Gateway tier (StatefulSet). Two or more replicas. The gateway is where tail-based sampling lives — it needs to see all spans for a trace before making a keep/drop decision, which requires stable addressing (more on this in the sampling section). The gateway also handles attribute redaction and fan-out to multiple backends.

Why not skip the agent and send directly to the gateway? You can. But you lose node-level Kubernetes metadata enrichment, you push retry and batching logic into the application, and every service needs the gateway's address hardcoded.

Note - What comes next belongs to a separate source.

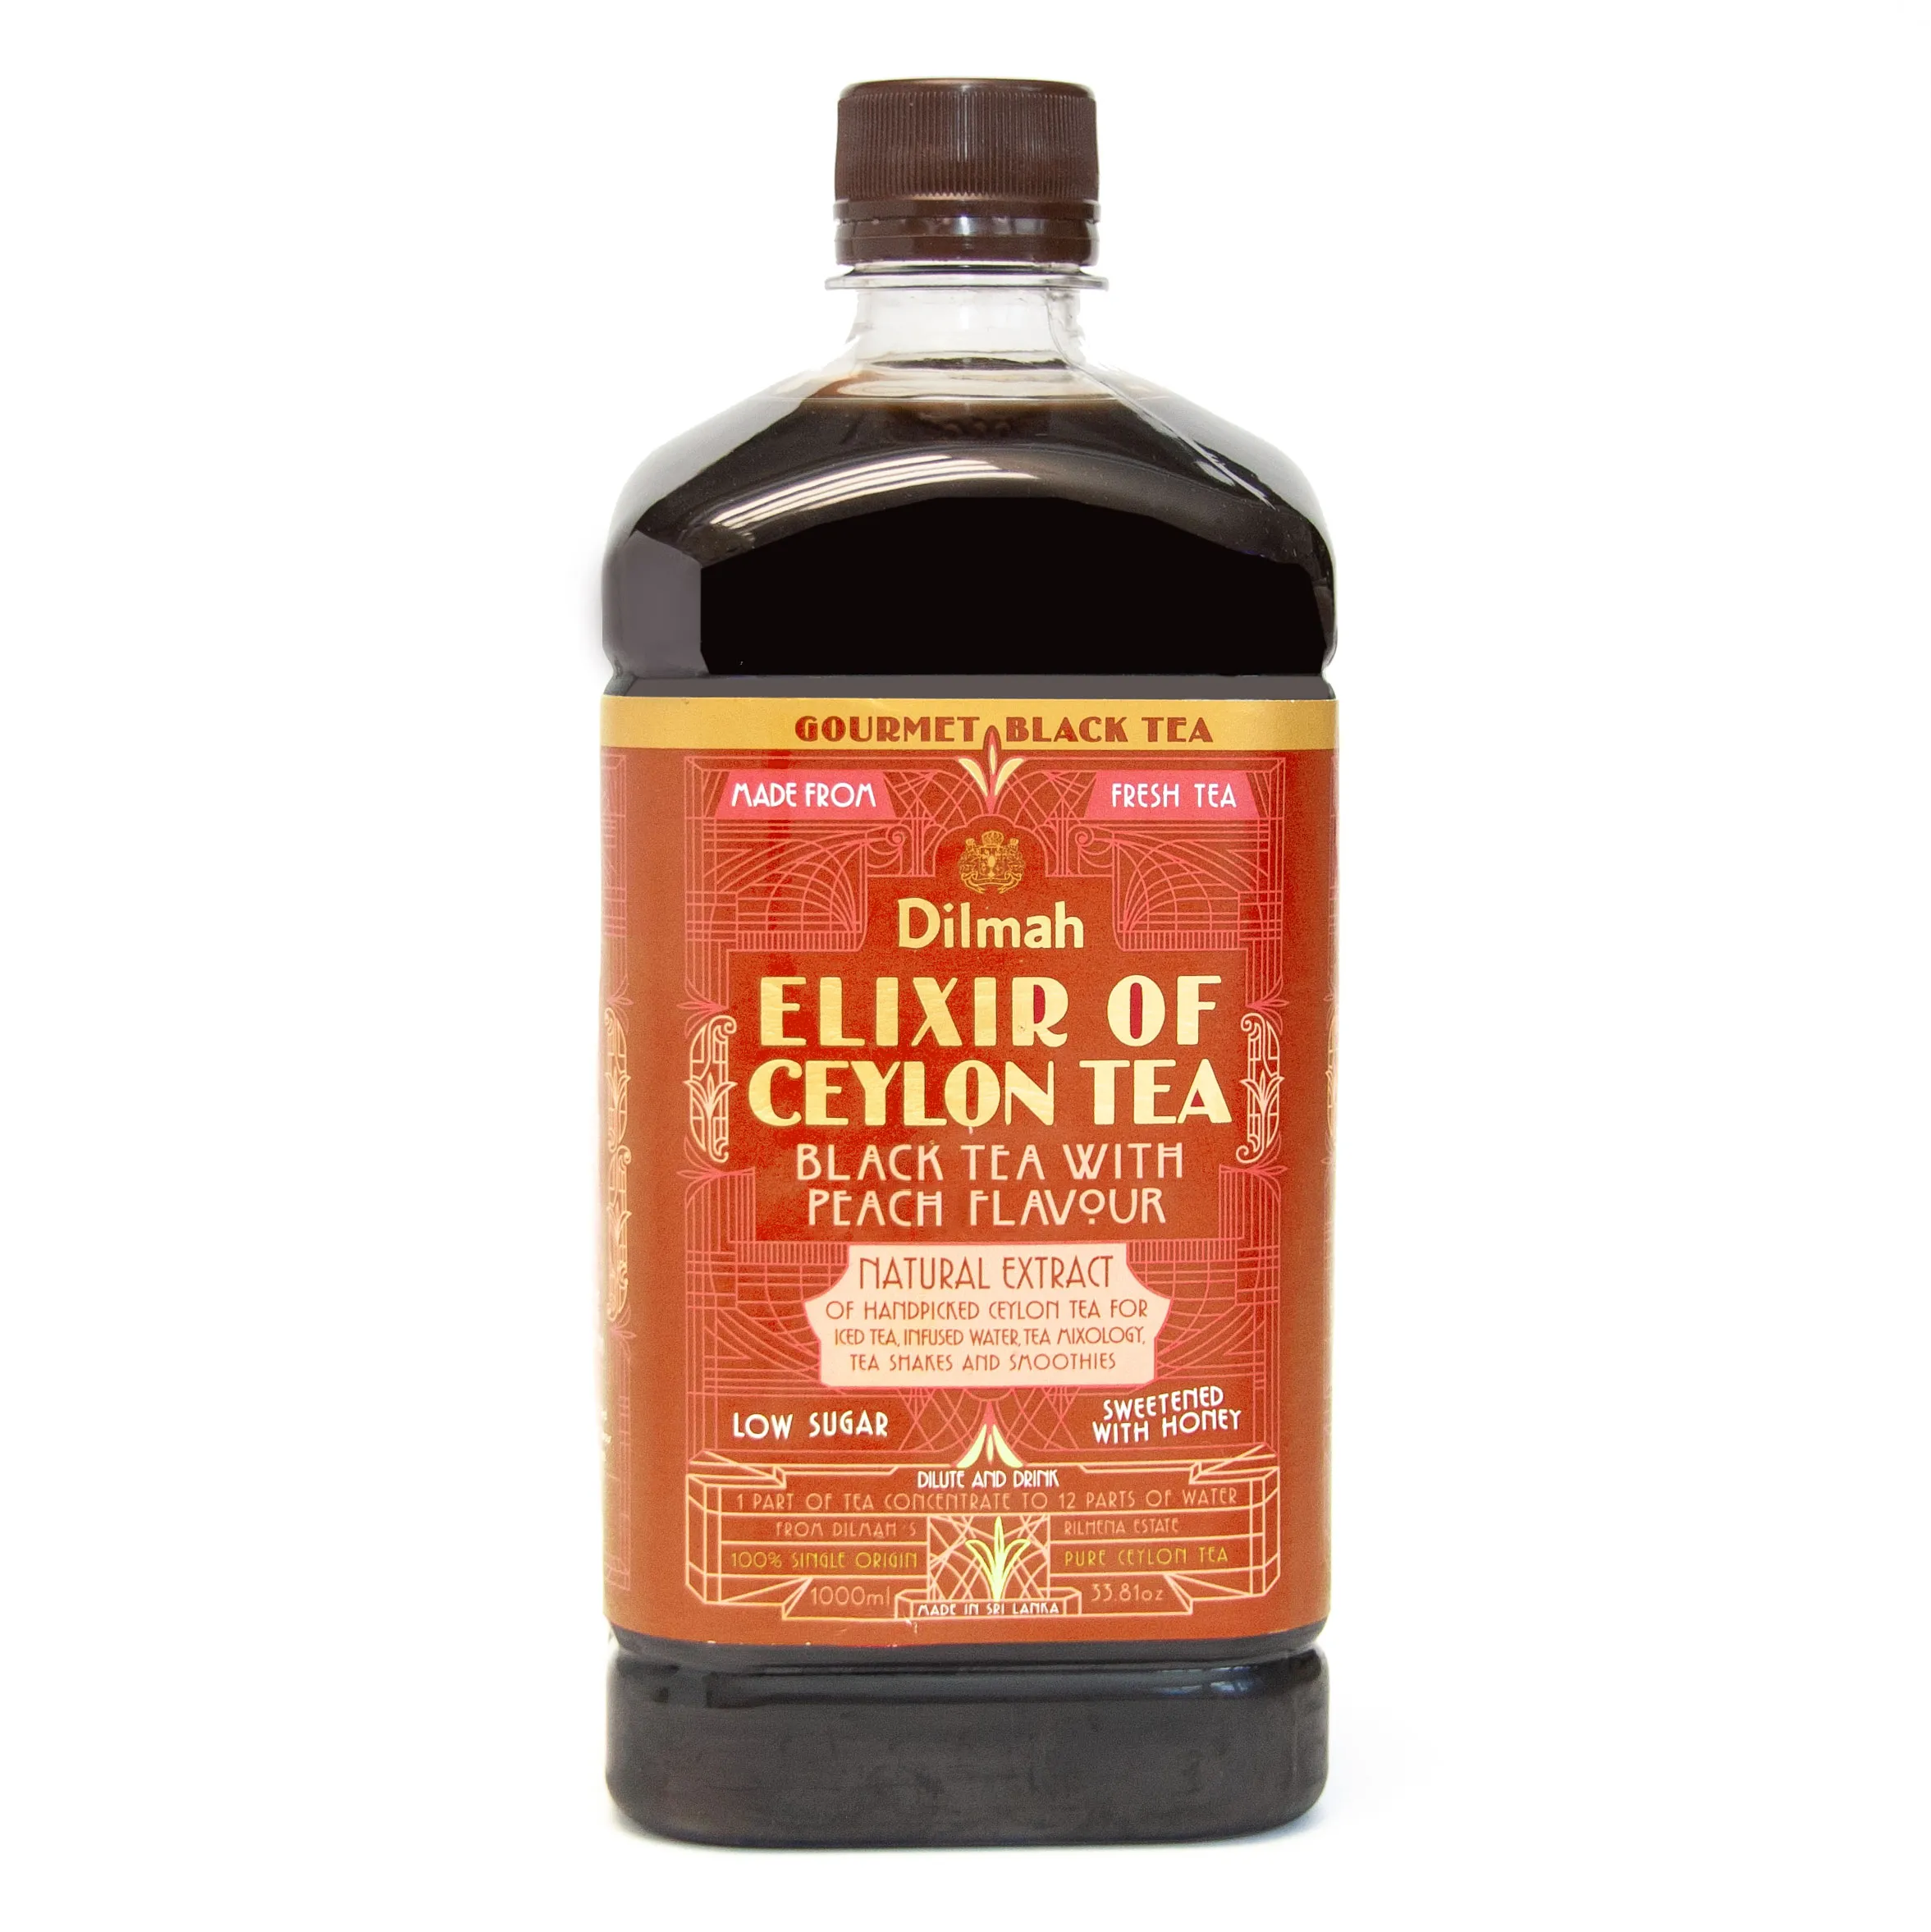 Bottle of Elixir of Ceylon tea with Peach flavour

The agent is a node-local or cluster-local collection point, depending on how you expose it: applications send to a fixed local address, and the Collector handles everything else.

Deployment model options. The right model depends on your cluster size and requirements.

MODEL	USE WHEN	TRADE-OFF
DaemonSet agent + gateway	Production default for multi-service clusters	More moving parts; correct and scalable
Sidecar per pod	True localhost endpoint required; strict isolation	High resource overhead at scale
Gateway only	Small cluster, pilot, or early evaluation	No node-level enrichment; single point of congestion
Direct to backend	Local development only	No sampling, no enrichment, no control

For the agent to be reachable at the node IP, expose it with hostPort or hostNetwork on the DaemonSet, and restrict access with NetworkPolicy. If you expose the agent through a Kubernetes Service instead, do not assume node-local routing unless your Service configuration explicitly enforces it.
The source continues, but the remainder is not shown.